** Opening Record extracts block **
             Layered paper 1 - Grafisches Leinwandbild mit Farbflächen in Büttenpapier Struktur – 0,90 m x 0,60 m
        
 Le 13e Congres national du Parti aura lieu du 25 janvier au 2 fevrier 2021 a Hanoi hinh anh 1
** Closing Record extracts block **
** Opening Record extracts block **
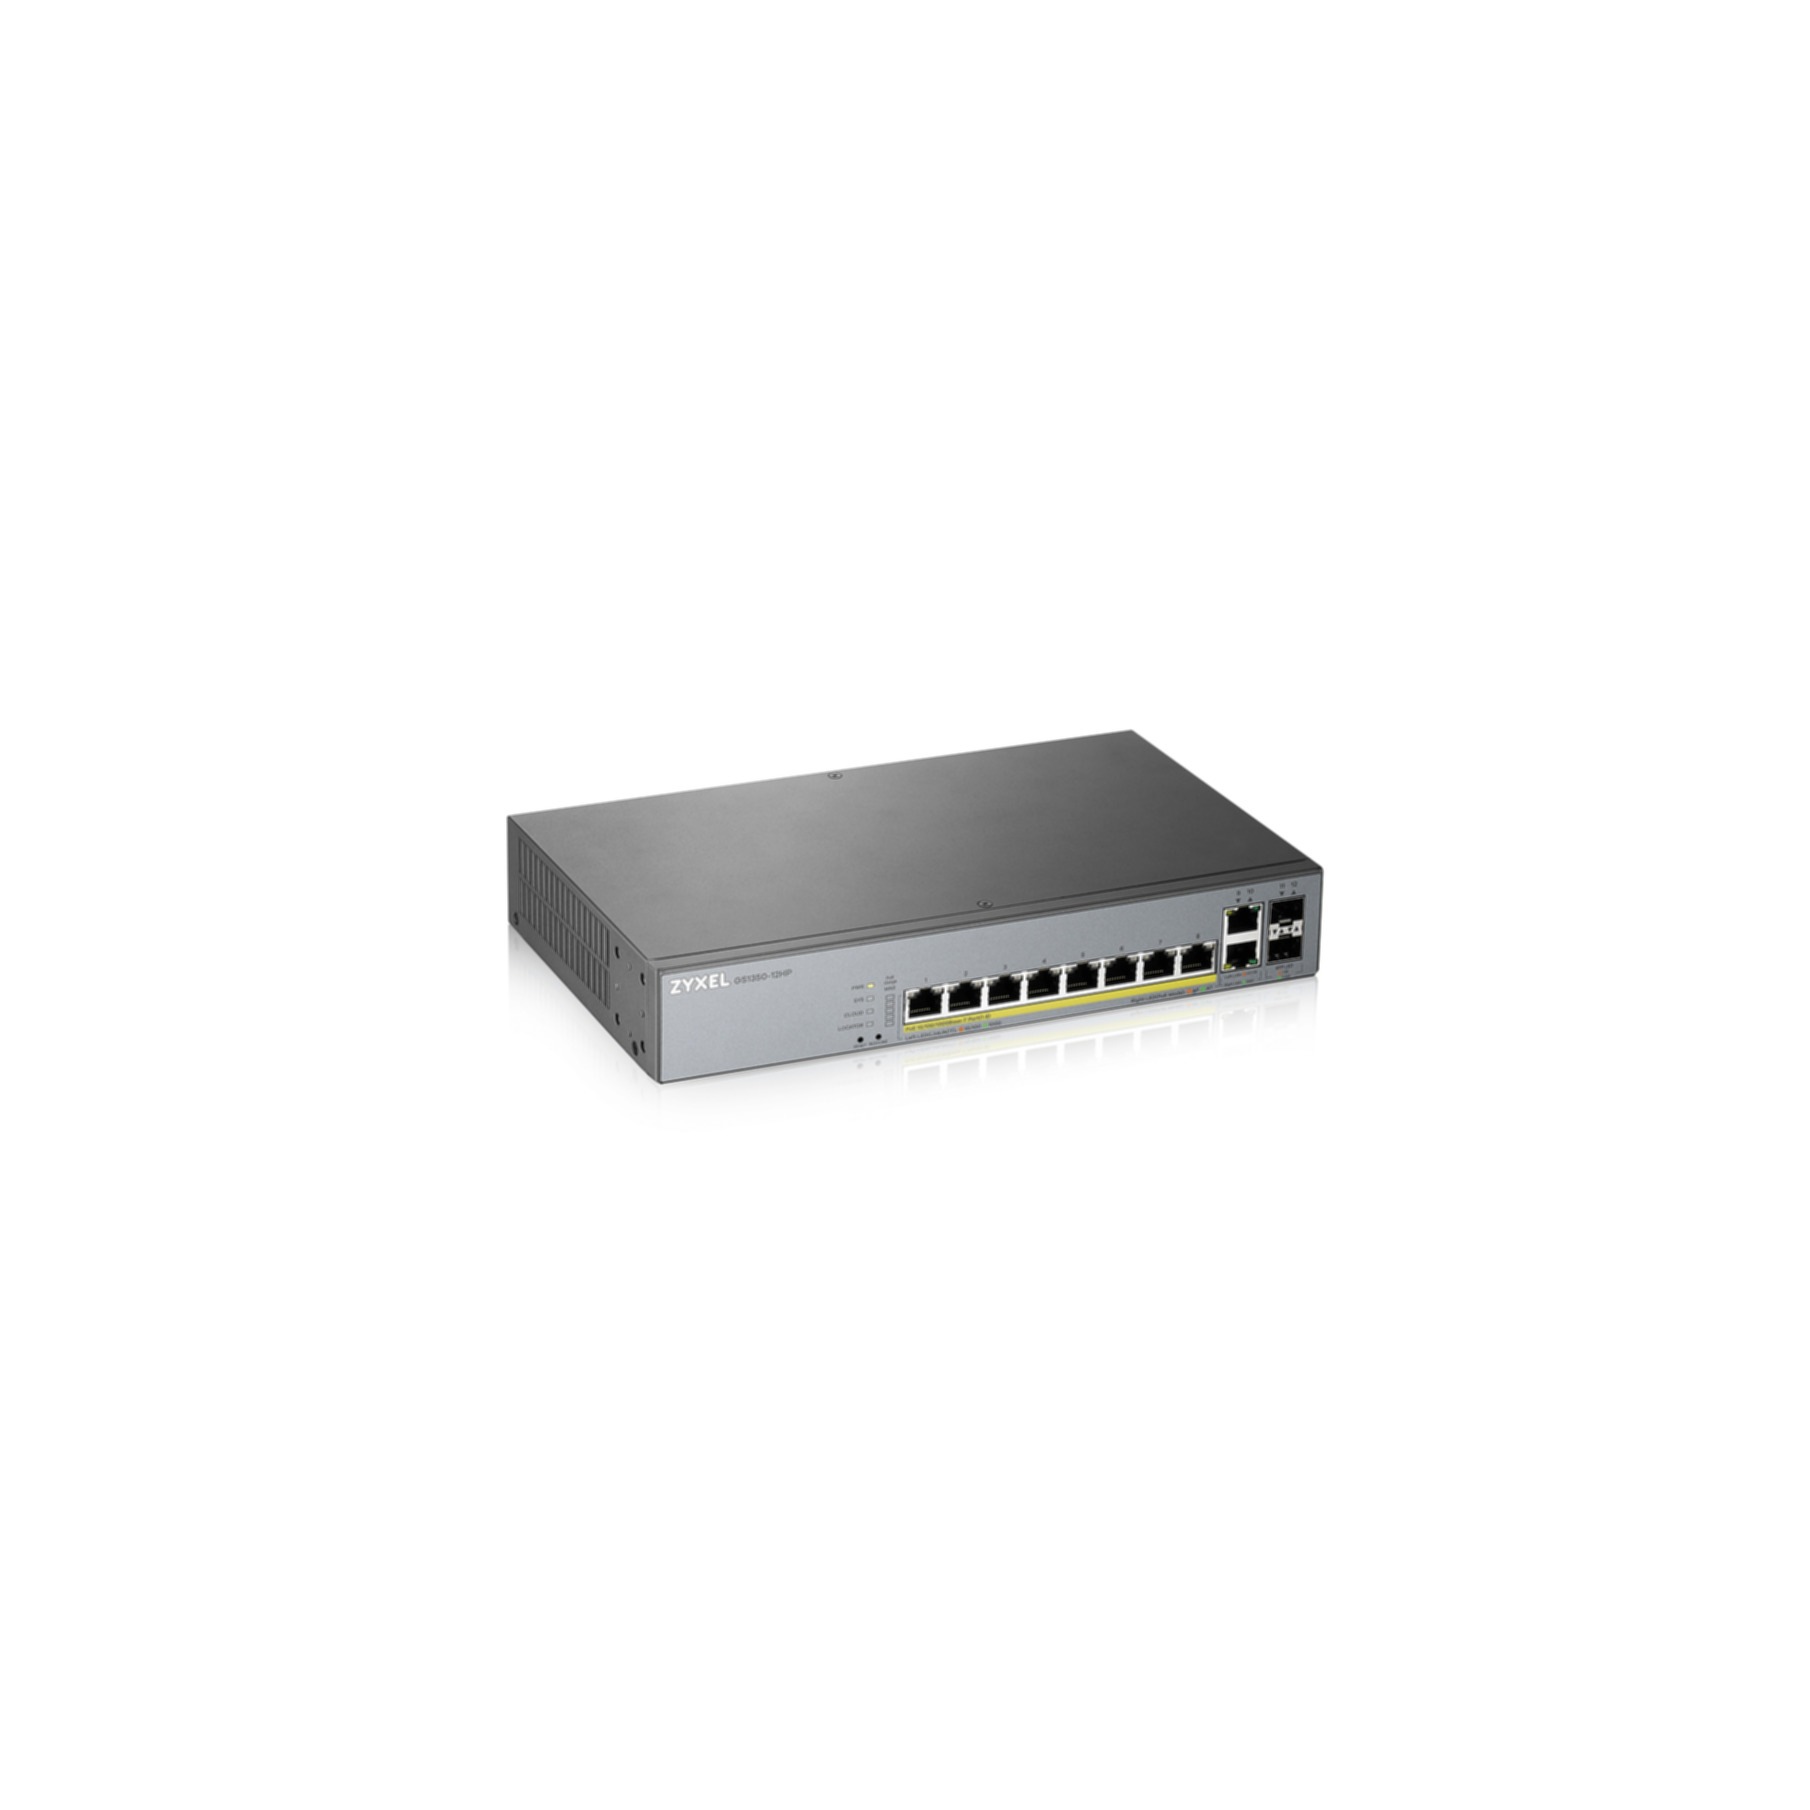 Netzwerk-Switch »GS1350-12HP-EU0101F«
** Closing Record extracts block **
** Opening Record extracts block **
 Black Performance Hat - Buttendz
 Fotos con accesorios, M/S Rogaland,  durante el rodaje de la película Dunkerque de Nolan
** Closing Record extracts block **
> _Your goal_: Look above for the line containing "Black Performance Hat - Buttendz" and the line containing "Fotos con accesorios, M/S". Transcribe both, with the lines between them, exactly.

> _Solution to this exercise_:
 Black Performance Hat - Buttendz
 Fotos con accesorios, M/S Rogaland,  durante el rodaje de la película Dunkerque de Nolan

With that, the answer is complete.